ZURICH (Reuters) - A Swiss far-right campaign to curb immigration from the European Union, potentially unravelling bilateral ties with the bloc, moved ahead on Tuesday when the government gave proponents a green light to start canvassing public support.
Should the initiative win the required 100,000 signatures by July 2019, it would go to a vote under the Swiss system of direct democracy. That could pave the way to scrapping the free movement of EU citizens now guaranteed under bilateral accords.
The populist Swiss People's Party (SVP) has long sought to limit immigration to neutral, landlocked Switzerland, whose population of 8.4 million is already one-quarter foreign.
The European Union insists that its citizens must be able to live and work in non-member Switzerland as the price for enhanced Swiss access to the EU single market, the biggest for Swiss exports.
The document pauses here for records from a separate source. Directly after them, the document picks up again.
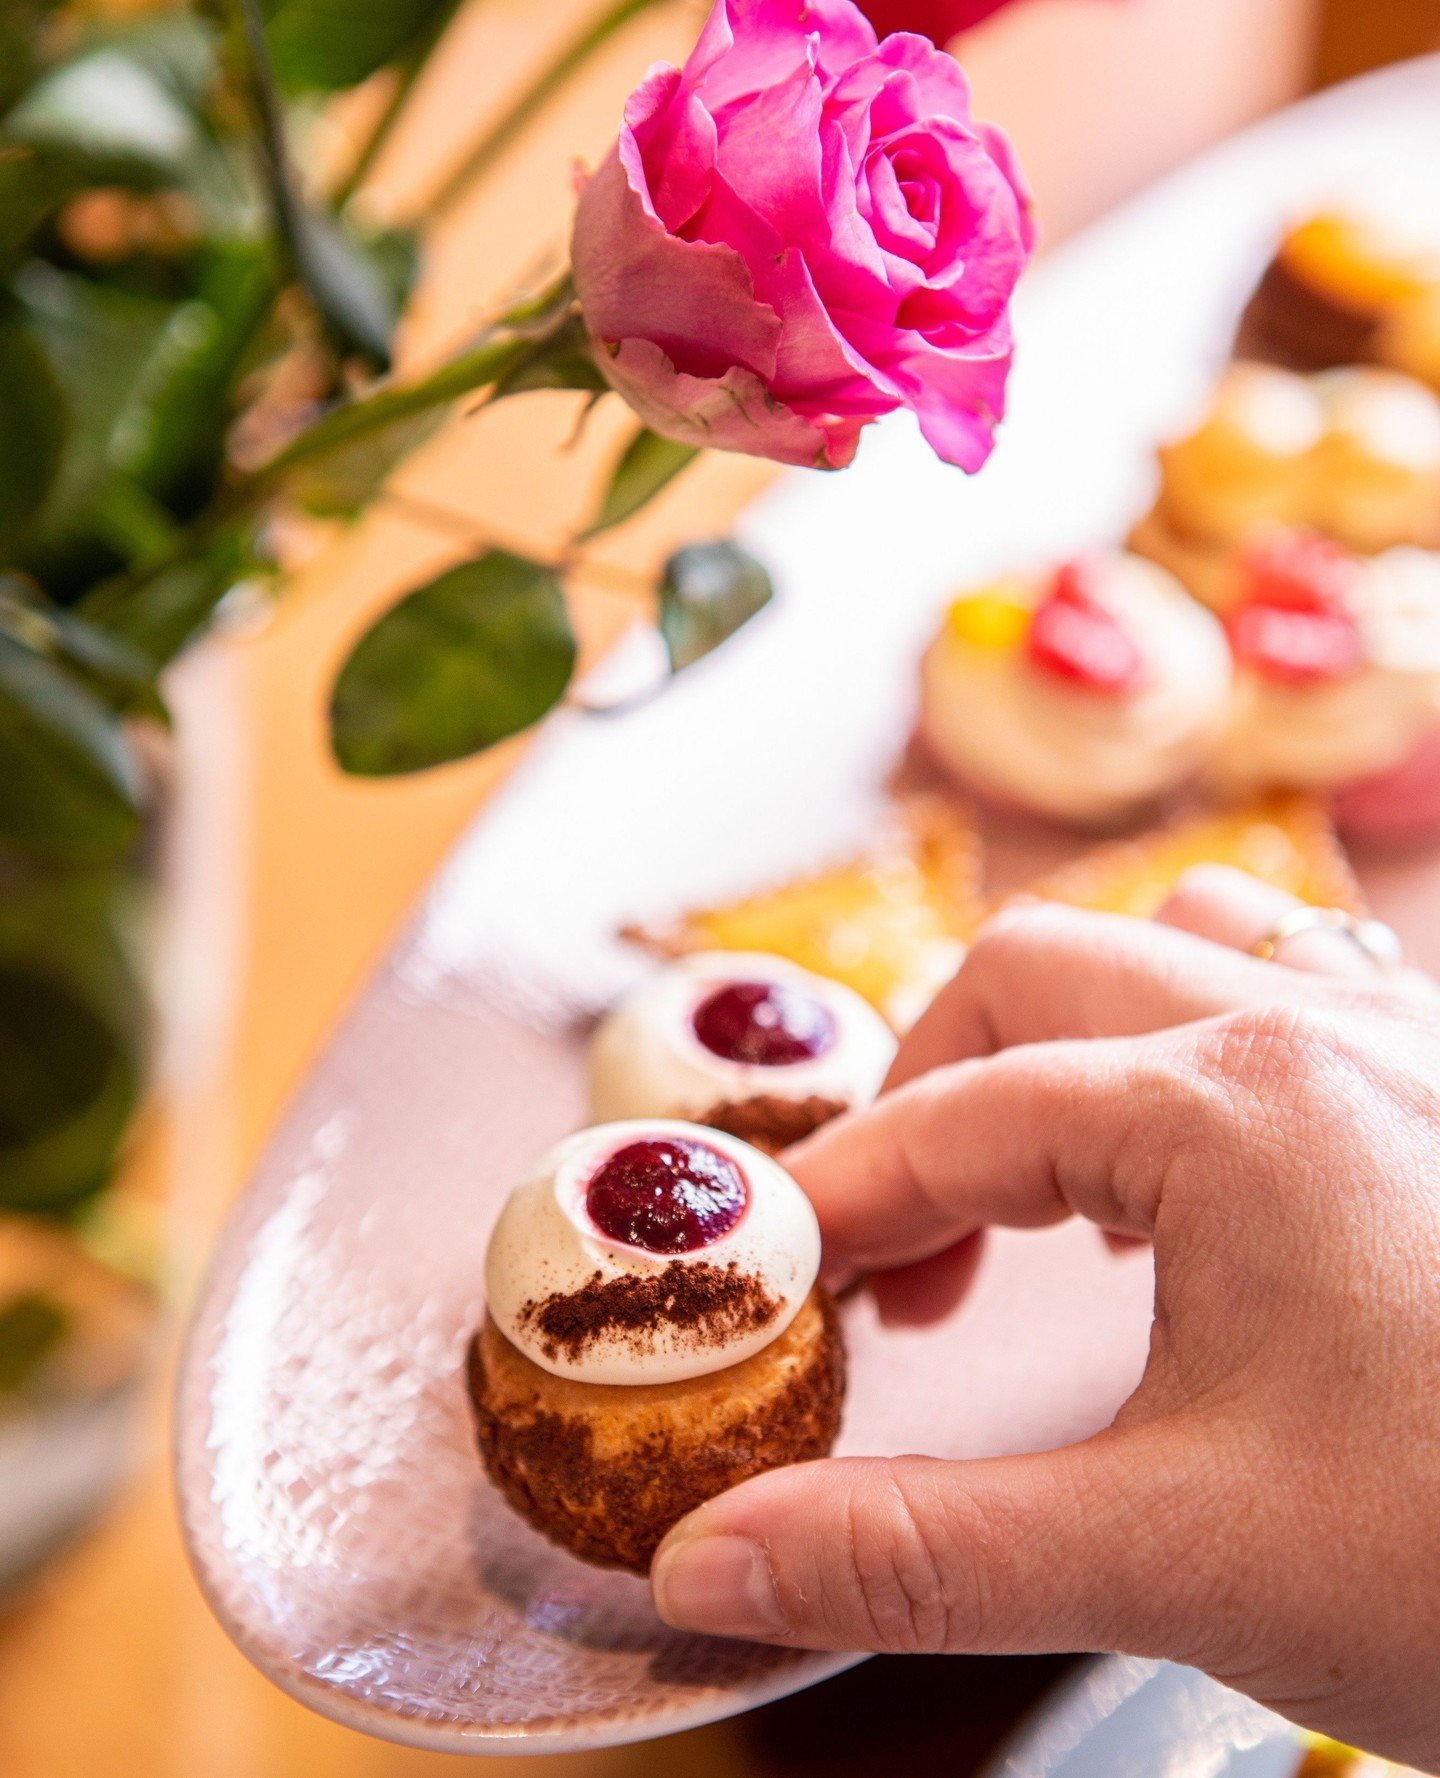 Mother's Day treats are online!⁠
Get on the link in bio to order⁠
⁠
Make your Mother's Day extra special with our High Tea. Order online and pick up at King Street Bakery on May 11th.⁠
⁠
High Tea Includes⁠
Sweets &amp; Pastry items:⁠
2 x Raspberry &a

The latest campaign comes at a sensitive time for bilateral ties, which soured last month when Bern promised to retaliate over what it called unacceptable limitations on the access of Swiss stock exchanges to the EU single market.
Voters approved quotas on immigration in 2014 but parliament instead opted in 2016 for a system giving people registered as unemployed in Switzerland first crack at open jobs. This move skirted a clash with Brussels and averted a threat to bilateral relations.
The text of the new initiative states that Switzerland will unilaterally steer immigration and enter no accords granting foreigners free access. It would give the government 12 months to negotiate an end to the current free movement pact, one of more than 100 bilateral accords that regulate ties.
Should negotiations fail, the government has 30 days to cancel the free movement accord. This would almost certainly prompt Brussels to cancel an entire package of other bilateral agreements that stand or fall together.
A survey of more than 20,000 people by newspaper publisher Tamedia this week, however, found 55 percent opposed cancelling the free movement deal and 42 percent in favour.